If so, like Jones, he undoubtedly will stick with the head-in-the-sand defense. Darn if he knew what his ex-trainer was putting onto his body. He thought it was a vitamin B-12 application. Or maybe it was sunscreen. Or moisturizer.

The same with Clemens.

They all stick to their dubious claims of innocence. Or as Mark McGwire famously said on Capitol Hill, “I’m not here to discuss the past.”

McGwire did not lie. He merely refused to address the relevant questions and experiences the public relations fallout to this day. Although he has the eighth-most home runs in MLB history, McGwire has been unable to connect with Hall of Fame voters. He actually lost support in the latest Hall of Fame vote, appearing on only 118 ballots in his third year of eligibility.

That is the reality before Bonds and Clemens after they become eligible for the Hall of Fame in four years. They will not find a forgiving audience.
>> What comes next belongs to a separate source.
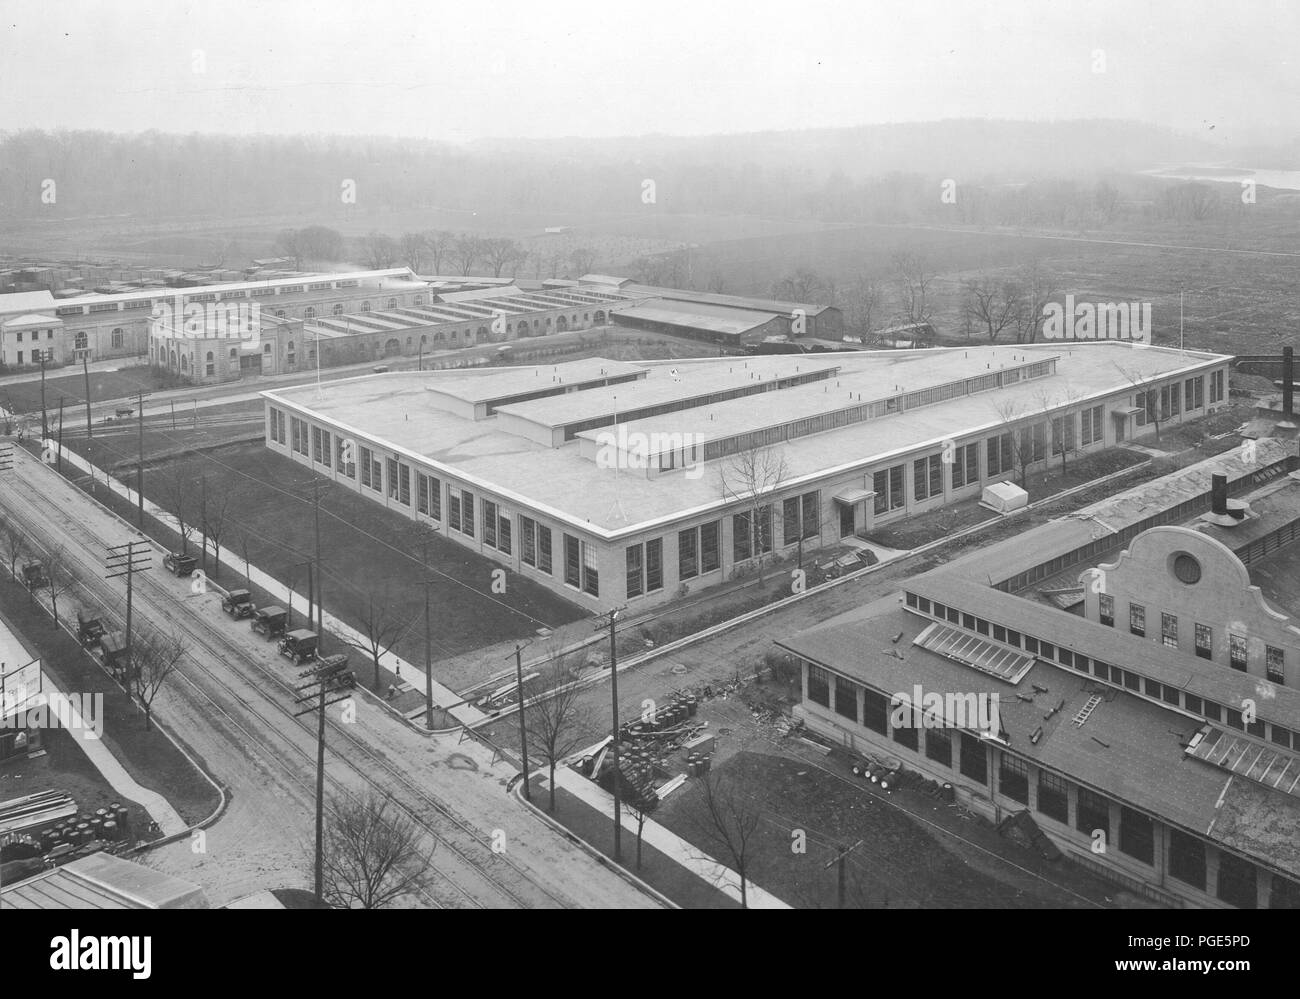 Aeroplane material manufactured for government use. Building No. 20, erected in 30 day, for purpose of producing Azimuth heads and French bracket Fuze setters. National Cash Register Co. plant, Dayton, O Stock Photo
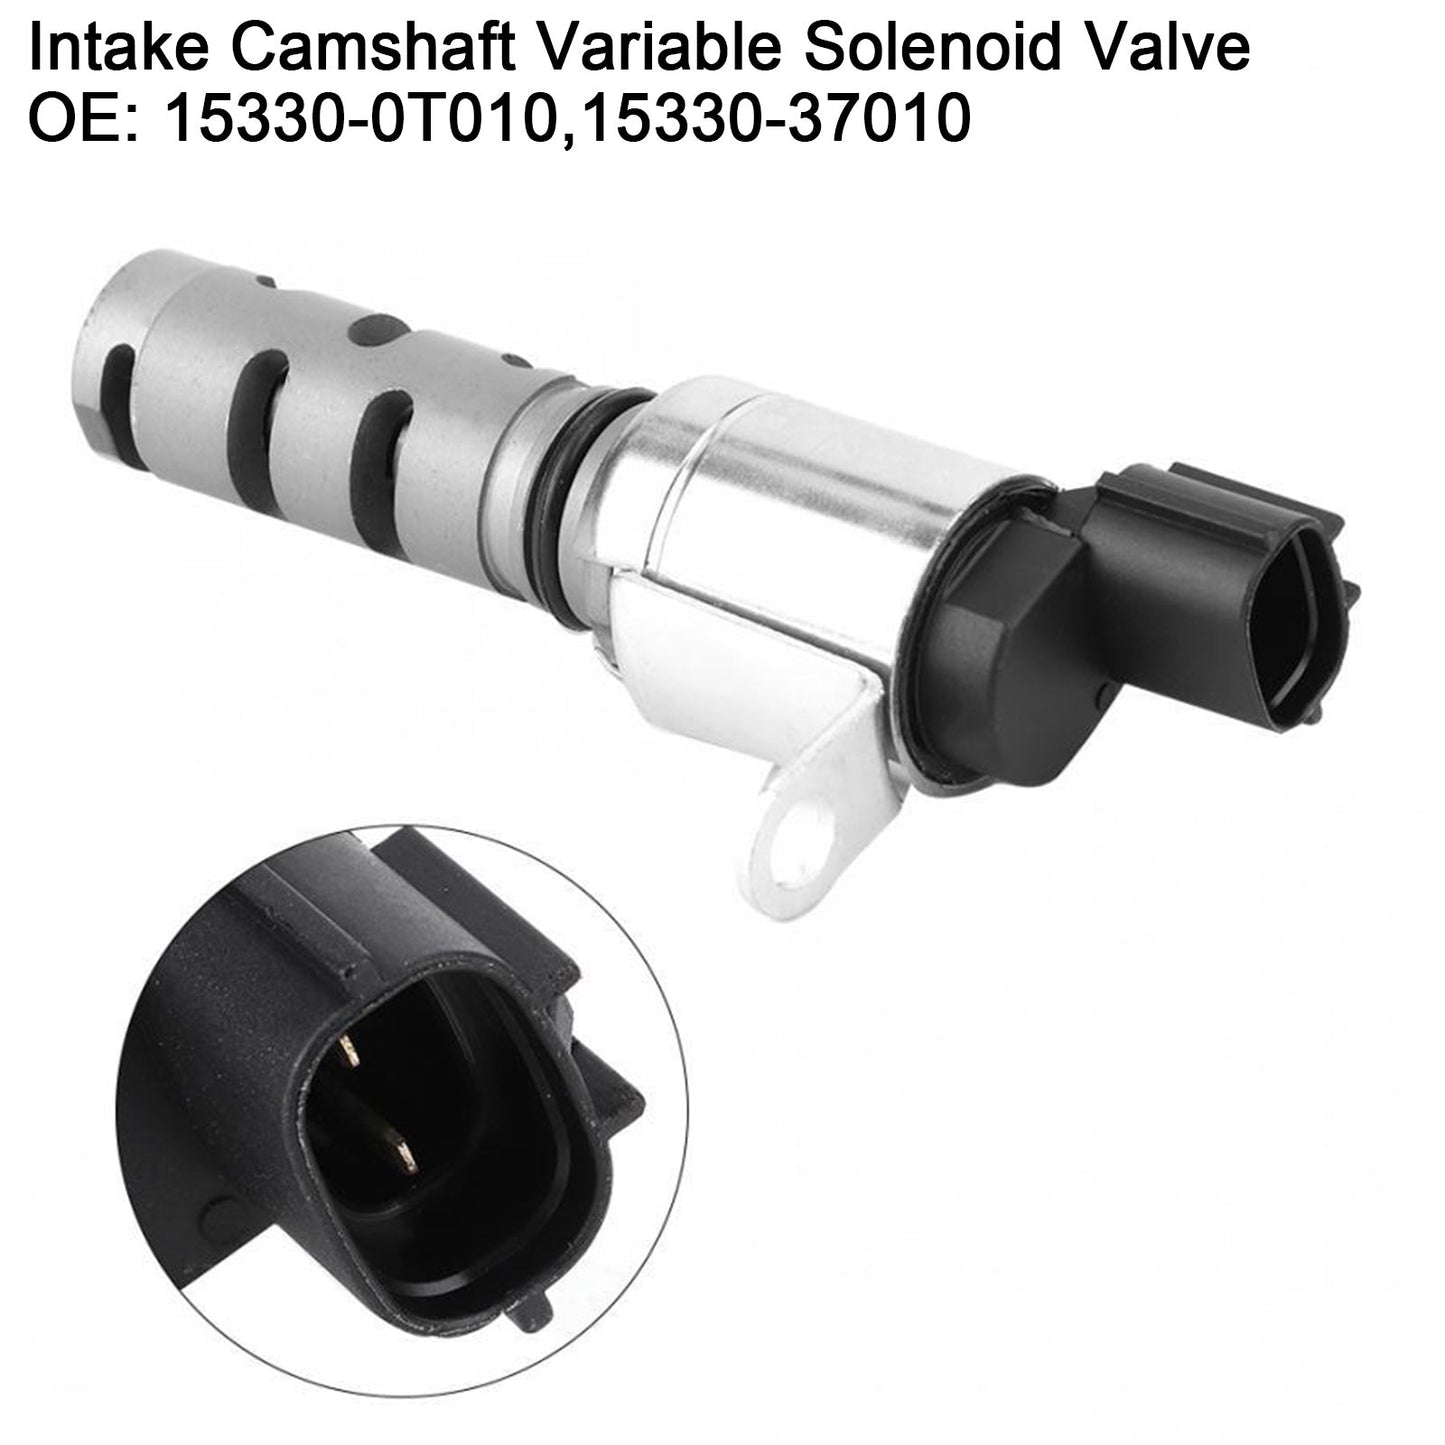 Intake Camshaft Variable Solenoid Valve 15330-0T010 For Toyota Camry Corolla

They will find a slew of voters who cannot get beyond the lying and cheating.

For Bonds and Clemens now, it really all comes down to staying out of prison and swaying 75 percent of the Hall of Fame voters in the years ahead. Otherwise, their numbers are tainted, their reputations tarnished. Time won’t change that, not in four years, not in 20 years.

Bonds and Clemens are the faces of baseball’s steroids scandal, a period in the sport that made a mockery of the numbers the game’s guardians so lovingly embrace. Clemens deserves to be indicted, to answer the unresolved questions. He deserves to squirm before a federal grand jury. And he deserves to do time if convicted.

Think what you will of Jose Canseco, but at least he did not try to run from the obvious. He may have profited from naming names, but at least he did not adopt the flaxseed oil defense. At least he did not appear with Oprah as Jones did and pretend to be a victim of the doping underground. At least he did not insult the public’s intelligence.

By the low standards of the steroids age, Canseco is the one wearing the white hat, hard as that may be to stomach.